Prevalence of interfering substances with point-of-care glucose testing in a community hospital

John H. Eastham, Debra Mason, Deborah L. Barnes and Jerry Kollins

JOHN H. EASTHAM, PHARM.D., is Medication Safety Specialist, Palomar Pomerado Health, Escondido, CA, and Assistant Clinical Professor, Skaggs School of Pharmacy and Pharmaceutical Sciences, University of California, San Diego. DEBRA MASON, B.S., CLS, MT, is Point-of-Care Testing Coordinator; DEBORAH L. BARNES, M.S.N., RN, CCNS, is Manager, Quality and Patient Safety; and JERRY KOLLINS, M.D., FACHE, is Associate Chief Medical Quality Officer, Palomar Pomerado Health.

Address correspondence to Dr. Eastham at Palomar Pomerado Health, 555 East Valley Parkway, Escondido, CA 92025 (john.eastham{at}pph.org).


Purpose. This study determined the prevalence of interfering substances with a glucometer using the glucose dehydrogenase pyrroloquinolinequinone method of point-of-care glucose testing (POCGT) and identified the percentage of patients with orders for an insulin product during the interference time interval.

Methods. A retrospective chart review was conducted for all inpatients with biochemically-identified interfering substances over a 12-month period. The interfering substance report identified all patients with serum uric acid concentrations greater than 10 mg/dL, hematocrit less than 20% or greater than 55%, serum total bilirubin concentrations greater than 20 mg/dL, serum acetaminophen concentrations greater than 8 mg/dL, and serum triglyceride concentrations greater than 5000 mg/dL.

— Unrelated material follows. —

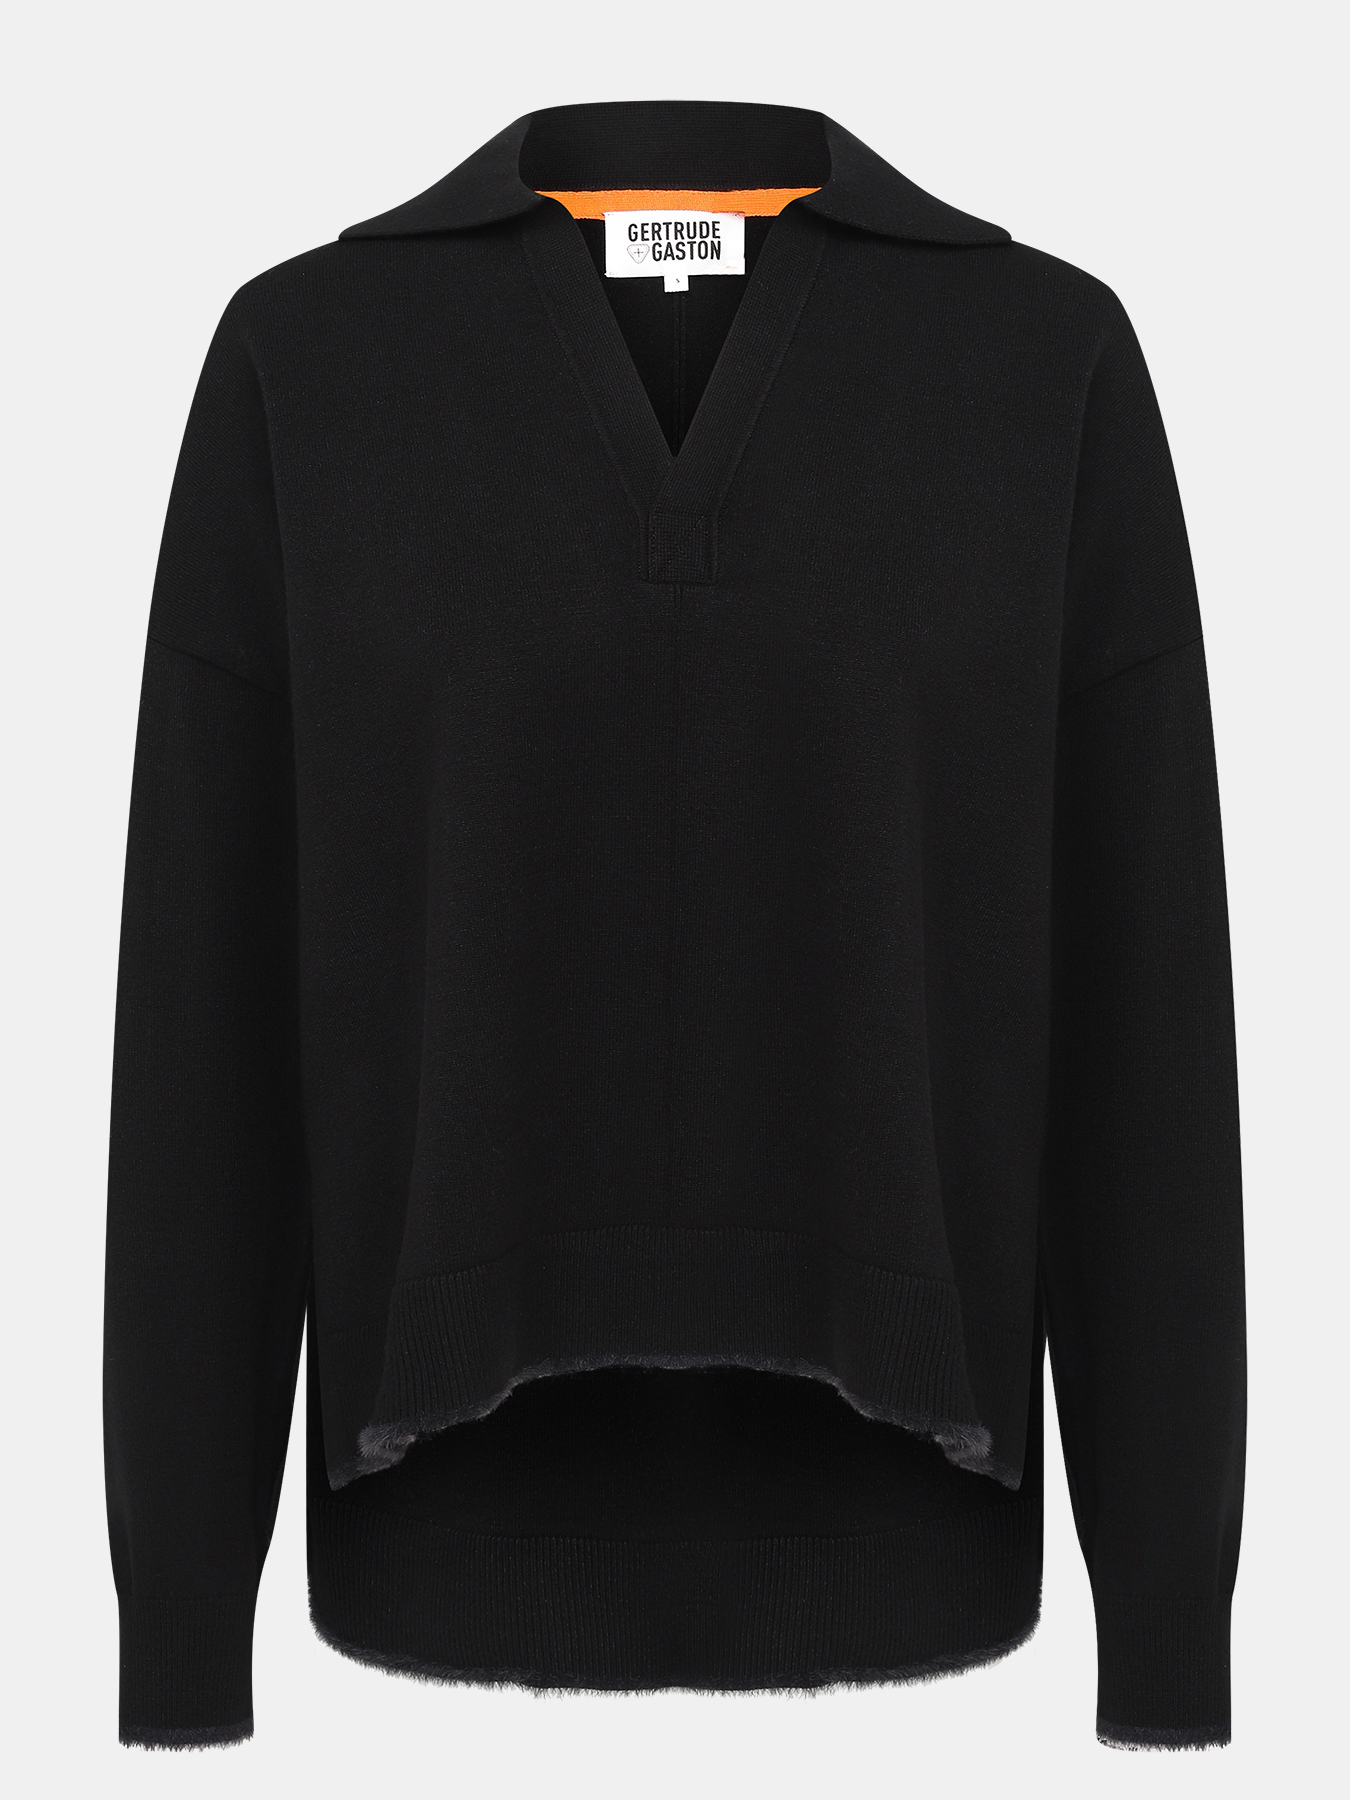 Пуловер Gertrude+Gaston 429302-042, цвет черный, размер 42-44
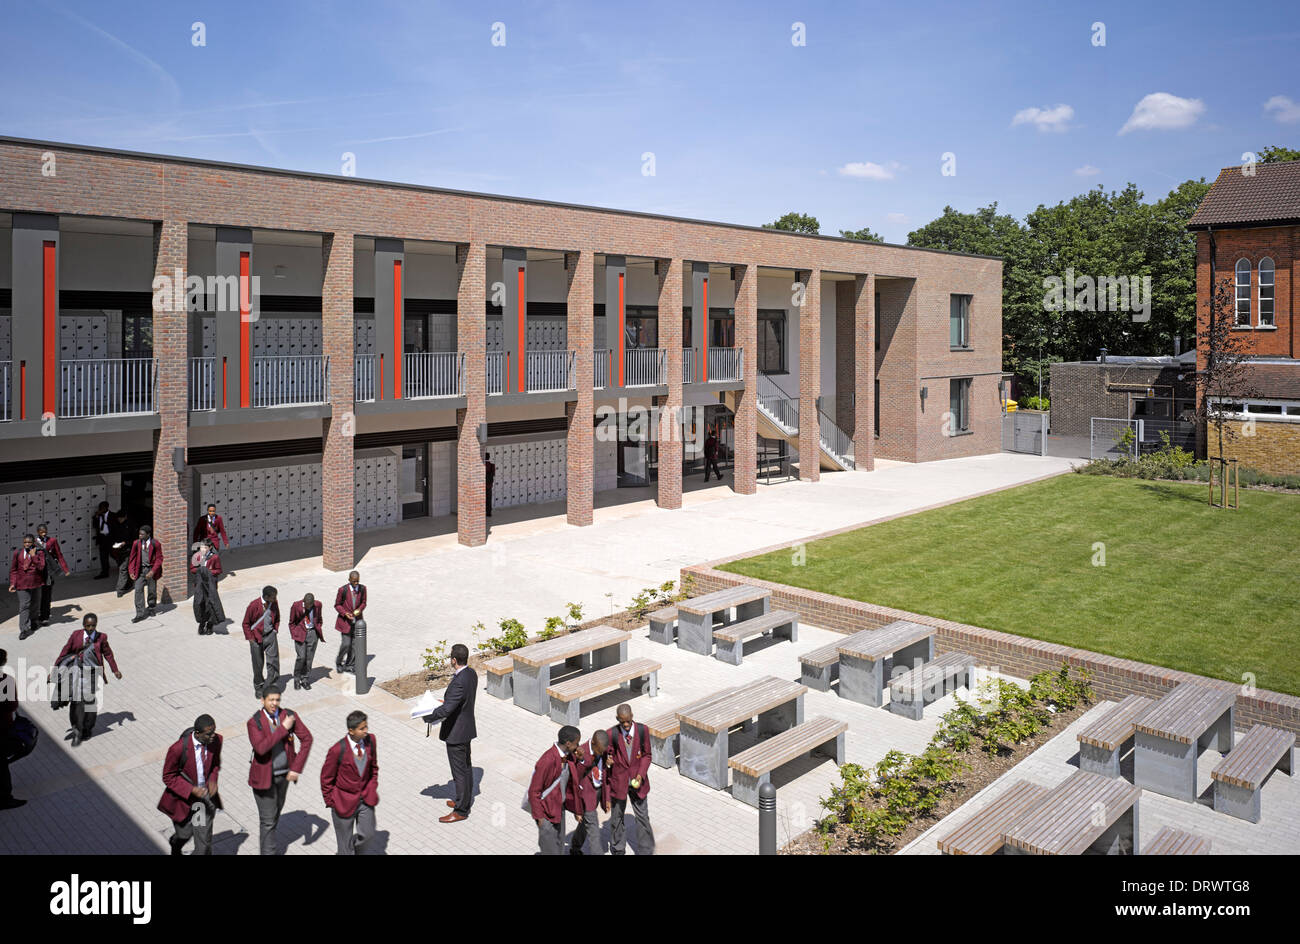 L'Apôtre saint Thomas College, Londres, Royaume-Uni. Architecte : Alliés et Morrison, 2013. Vue d'ensemble de haut niveau. Banque D'Images

Results. Of 6885 hospital admissions during the 12-month study period, 84 patients (1.2%) were identified as having interfering substances. Interfering substances were identified an average mean ± S.D. of 4.88 ± 15.56 days following hospital admission. Two patients had interfering substances identified in the emergency department before hospital admission. Five patients (four with total bilirubin and one with uric acid) had initial concentrations below the interference threshold. These concentrations increased during hospitalization to high enough levels to cause interference with POCGT. Since the average length of stay for the identified patients was 10.49 days, an average of 17% of the hospital stay was impacted by an interfering substance. Substances remained at interfering concentrations until the time of discharge in 30% of the patients.

Conclusion. Over a 12-month period, interfering substance were identified in1.2% of patients admitted to a hospital. Thirty-six percent of those patients had an active order for an insulin product during the interference time interval.